The dissent does the same thing here.
So now we're going to go through the dissent.
And it shows you how close we came in the United States.
You know, if Hillary Clinton had become president of the United States, If that had happened, then the constitution of the court, the number of people on the court, the people who are on the court, all of that would have been very, very different.
You would have had a majority, presumably, to write into law any policy preference the left wishes, including all of the insane nonsense that they're currently pushing to fight freedom of religion, freedom of speech.
You would have basic notions of male and female obliterated by the Supreme Court completely.
That is how close we came.
That's how close we came.
So if there is one legacy that President Trump has left us, and honestly, it's astonishing that President Trump has not spent every waking moment since leaving office talking about this, especially since the release of that early leaked opinion, talking about how this is his great victory instead of jabbering about 2020 and the election.
The great good that Trump did in the end was the nomination of Justices Gorsuch, And Kavanaugh and Amy Coney Barrett.
Because without those nominations, this doesn't happen.
This is a 5-3 and 1 concurrence decision.
And if forced to it, it is highly doubtful that Roberts, if it had been split 4-4, it is very doubtful that Roberts would have provided the vote.
If given the choice between striking down the Mississippi law and striking down Roe, and upholding the Mississippi law and striking down Roe, I have very little doubt that Justice Roberts, without any sort of margin for error, would have gone on the right side on this one.
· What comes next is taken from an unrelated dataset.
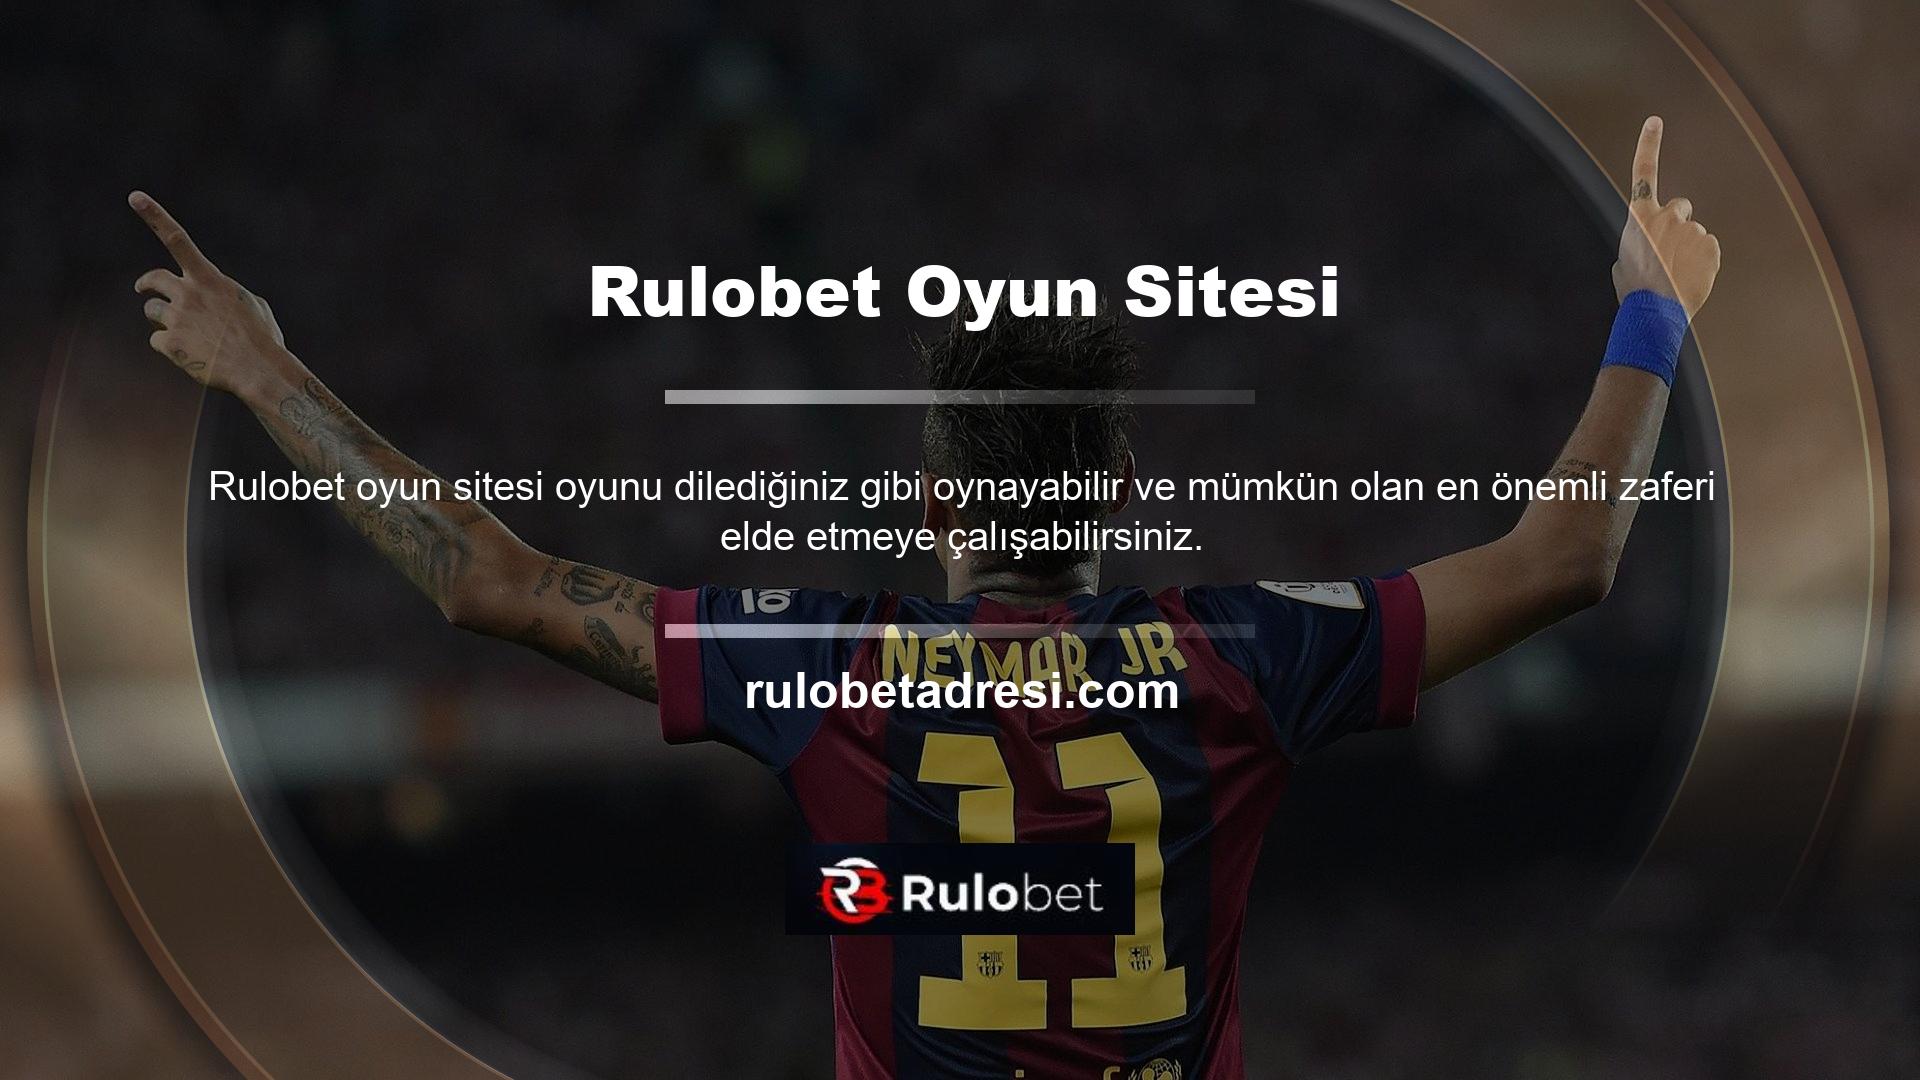 Rulobet, diğerleri gibi şansa dayanan bir web sitesidir

Roe would still be law in the United States, among other various and sundry, insane provisions.
And so, says the dissent in this case, written by Breyer, Sotomayor, and Kagan, for half a century, Roe and Casey have protected the liberty and equality of women.
I mean, right off the bat, the liberty and equality of women.
No conception of the importance of fetal life.
No balancing test.
Nothing.
We like abortion.
Roe held, and Casey reaffirmed, that the Constitution safeguards a woman's right to decide for herself whether to bear a child.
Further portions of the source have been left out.